12 December, 2007

Changing Gears

Now healthcare. The CBO is testifying before Congress tomorrow on long-term budget predictions. Here is an article in WSJ where Peter Orszag says:

The fiscal gap does not arise, as many believe, primarily from the coming retirement of the baby boomers. Rather, the rate at which health-care costs grow will be the primary determinant of the nation's long-term budget picture.

And then:

Moving the nation toward a more efficient health system inevitably will be a process in which policy steps are tried, evaluated and maybe reconsidered. Beginning that arduous process now is essential to securing the nation's long-term economic future.
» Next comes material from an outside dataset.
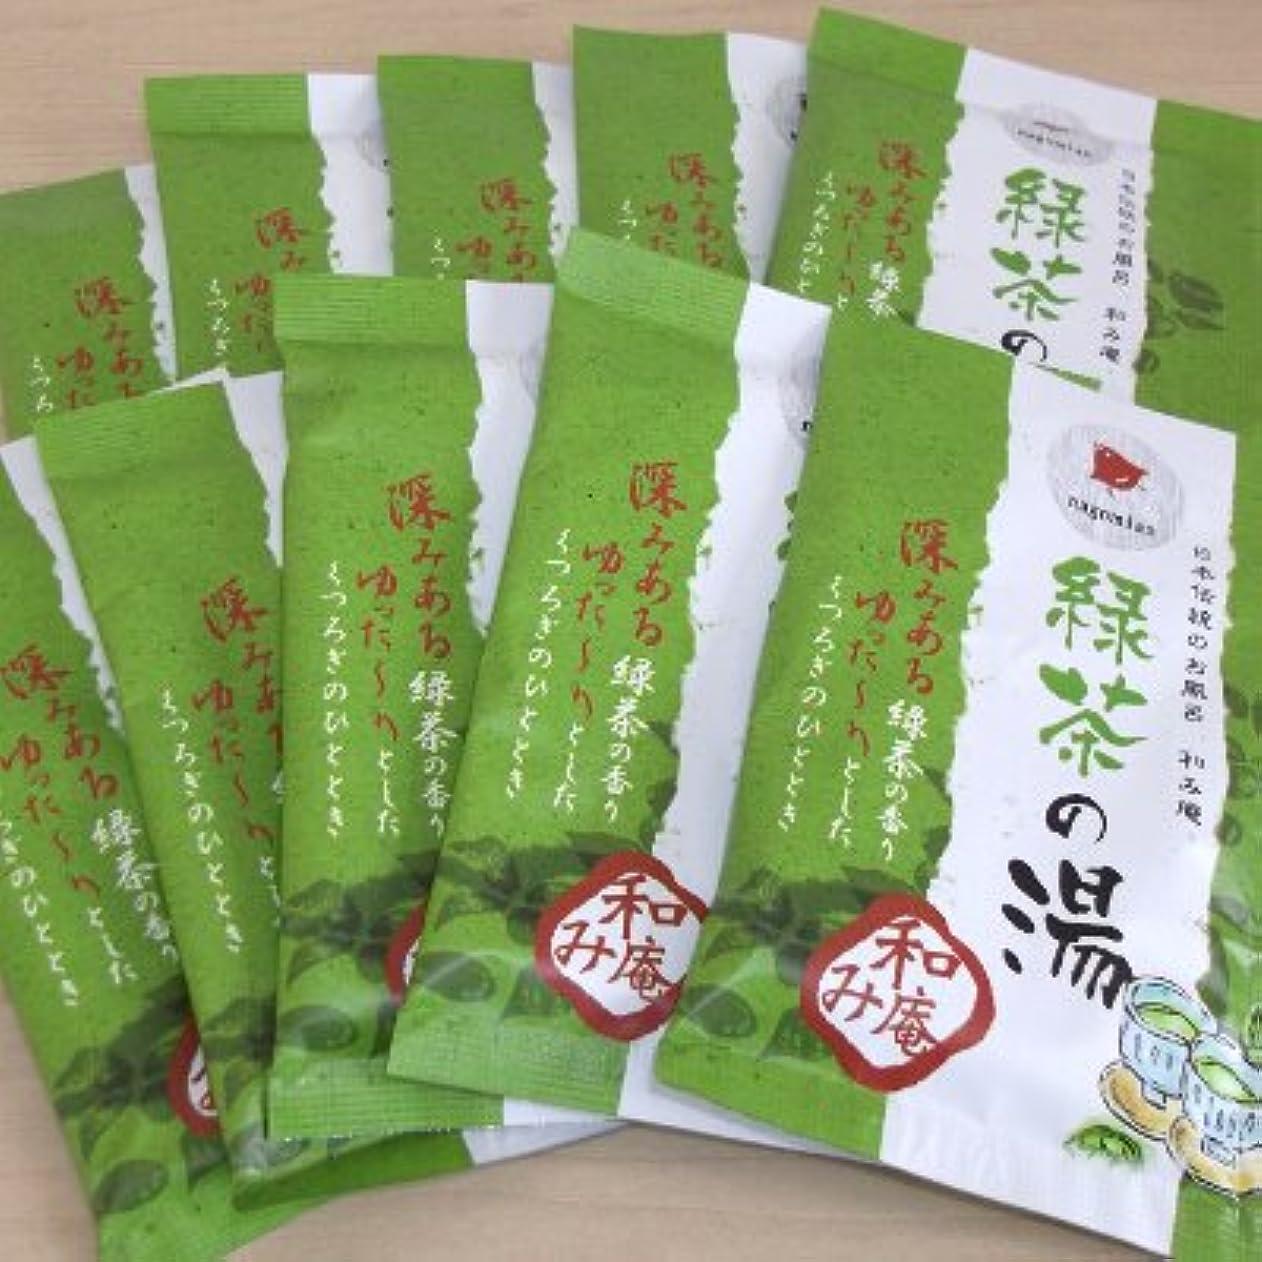 迷彩誤解する高度な和み庵 緑茶の湯 10包セット
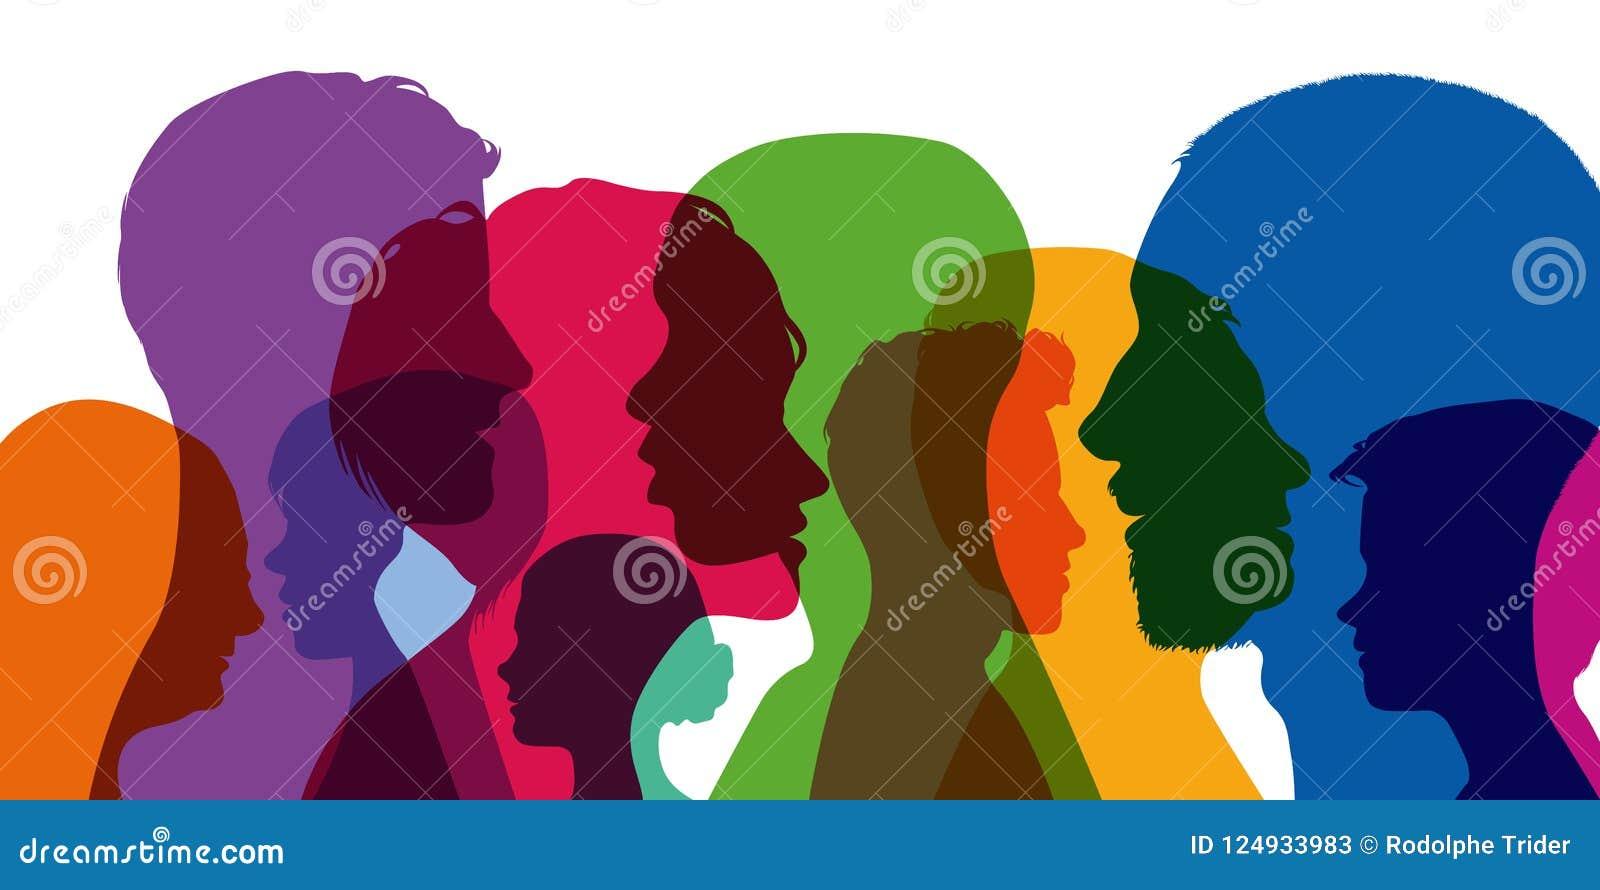 Έννοια της ποικιλομορφίας της ανθρωπότητας με το superposition των διαφορετικών σχεδιαγραμμάτων

Arnold Kling at EconLog comments:

I agree. However, I think this makes government a poor candidate for leading health care reform. The government is not very good at trial-and-error learning. Politically, the survival of a system is likely to be related inversely to its effectiveness. If a system does not cost much and yet it pressures doctors to change their behavior, they will lobby to kill it. On the other hand, in the UK, a new incentive system generates large pay increases for doctors with little change in behavior. In that case, doctors will lobby to keep it.


With markets, "trial and error" works, because error gets killed off. With politics, error often survives.

I love the last line.

My fellow bloggers need to increase their productivity. Even I’m getting tired of the libertarian rants.